Rather than being robust, as previously thought, DNP3 was shown to be rife with vulnerabilities. Any one of those weaknesses could be used by an attacker to gain control of a utility’s master controller, which might oversee hundreds or thousands of devices, and wreak havoc across a utility’s industrial network and the section of the grid it controlled, the researchers said.

But the utility industry and control-system and equipment vendors are at least starting to take such vulnerabilities seriously, Mr. Sistrunk says. In fact, the majority of industrial control system companies, when confronted with evidence that the protocol being used in their systems was like Swiss cheese, moved swiftly to patch the vulnerabilities – an unusual level of responsiveness from an industry that has sometimes stonily resisted fixing its products, he and other experts say.

“A lot of similar things were done as far back as 10 years ago, but there was no traction within the industry,” Sistrunk says. “But we are starting to see, just now in the last few years since Stuxnet – some companies have started to decide, hey, we need to make changes.”

Other glimmers of a shift can also be seen in the increasing number of large control system vendors creating equipment that, for the first time, has serious security features.

Moreover, several big industrial control system manufacturers like Siemens and General Electric have created cyber-emergency response teams to fix vulnerabilities.

“We’re serious about developing products that have good cybersecurity in them,” says an official with a company that makes digital controllers, who asked to remain anonymous because he was not permitted to speak to the press. “We’re seeing demand for these devices increase.”

But one researcher, who also asked for anonymity for the same reason, says that careful analysis of the software code produced by industrial control system vendors shows any perceived gains so far to be tenuous.

“You would think that the vendor equipment would keep getting better after doing several rounds of testing, but the new software code inside them isn’t significantly better than the old code in terms of vulnerabilities,” the researcher says. “The bug rate has fallen, but quite a number of the vendors are producing bad code like it was 10 years ago.”

For these and other reasons, Mr. Peterson, Mr.
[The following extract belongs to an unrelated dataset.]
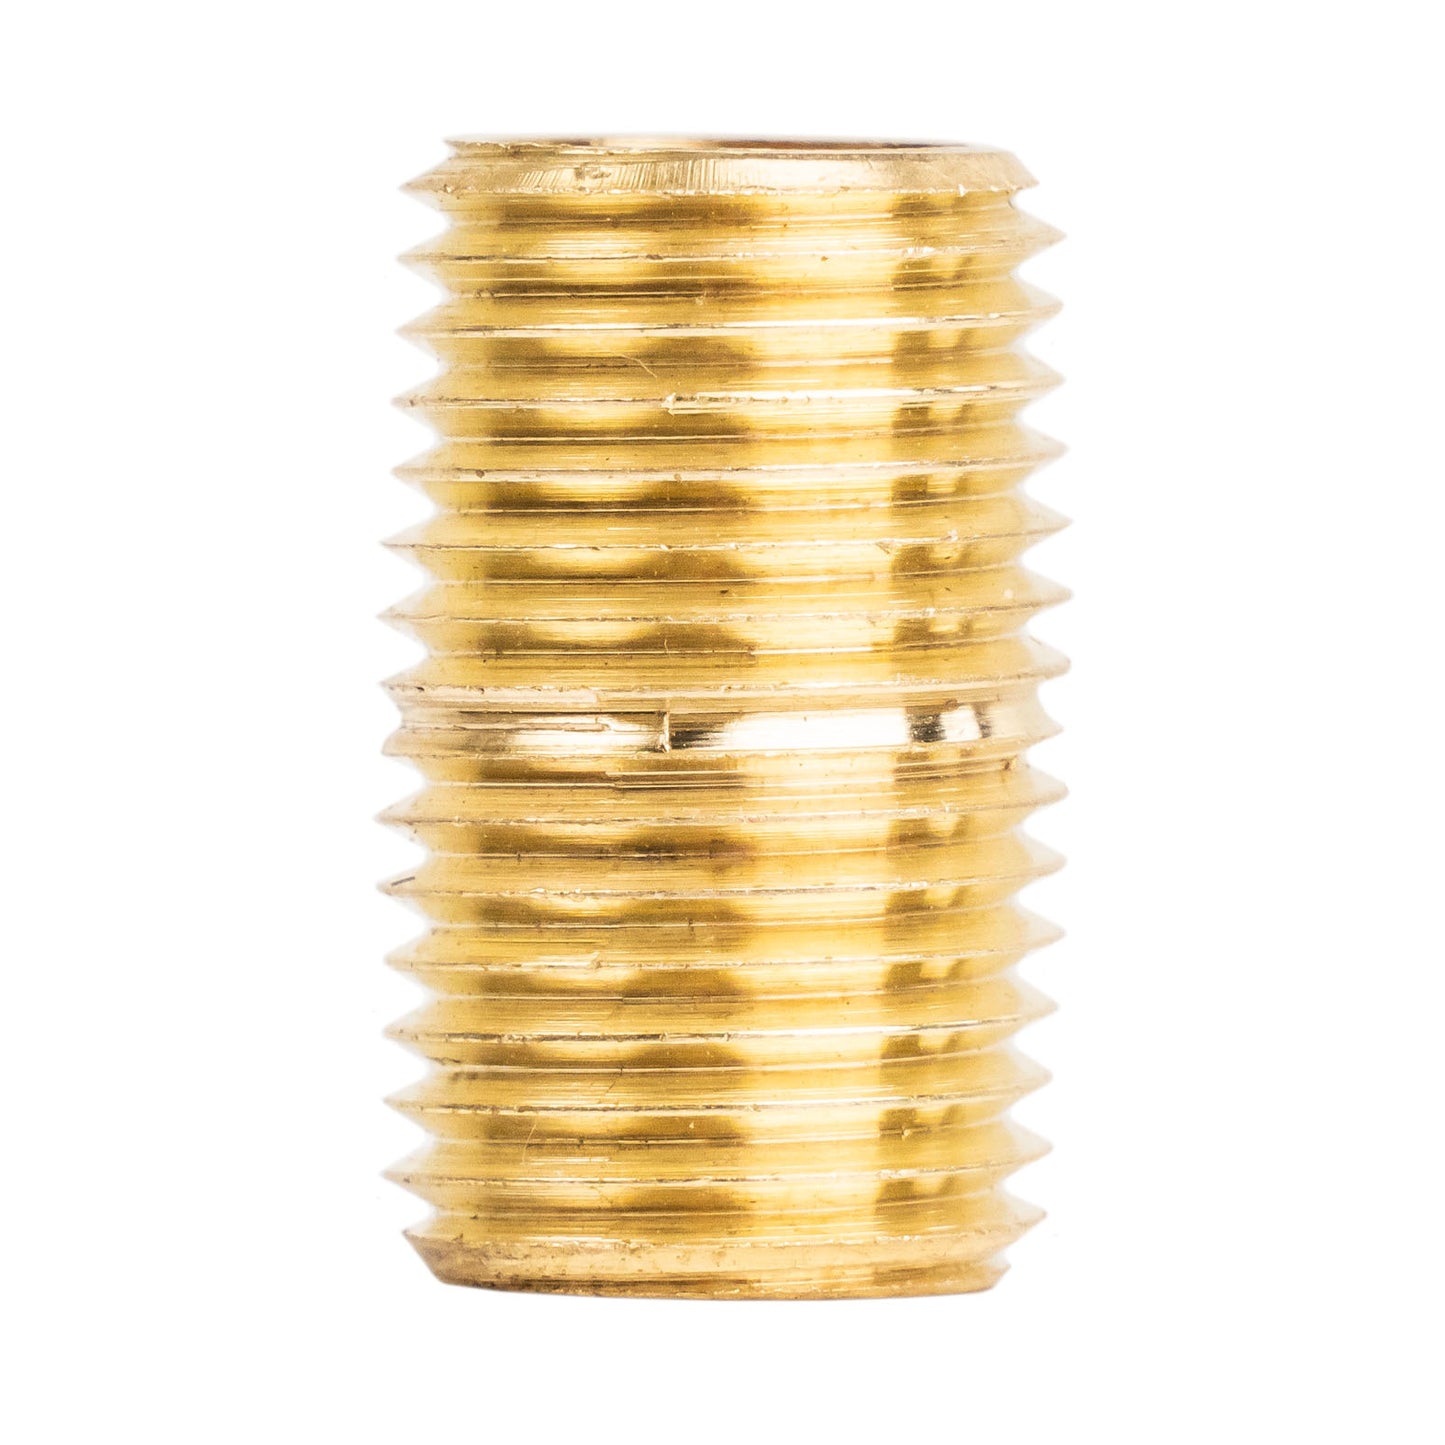 1/4" NPT X Male Close Pipe Nipple Threaded Brass Fitting Pipe Connector Brass

Langner and other thought leaders in the industry are leery of touting the recent evidence of progress. While he rails against government inaction on mandating that companies secure their critical infrastructure, Langner concedes that Obama administration directives have had some limited positive impact, even though he considers them to be far too weak – for example, a presidential directive to have the National Institute of Standards and Technology define critical infrastructures standards that could be followed voluntarily by industry.

“There’s been some movement, but it’s small compared to the offensive capabilities now being developed,” he says.

Government-mandated standards developed in recent years by the North American Electric Reliability Corp., an electric utility industry watchdog, have also convinced utilities that they must make some progress in cybersecurity, if reluctantly because of the added cost.

Yet the Department of Homeland Security has yet to require that older insecure-by-design systems must be replaced in a time frame of a few years, Peterson says. Instead, government, as well as cybersecurity industry expert “apologists,” continue to predict that it will take “decades to make the transition.”

“You read the articles from industry organizations talking about it,” he says. “Obama talks about how important it is. Yet no one says we actually have to fix these things.”

"It’s either critical infrastructure or it’s not. You can’t have it both ways.”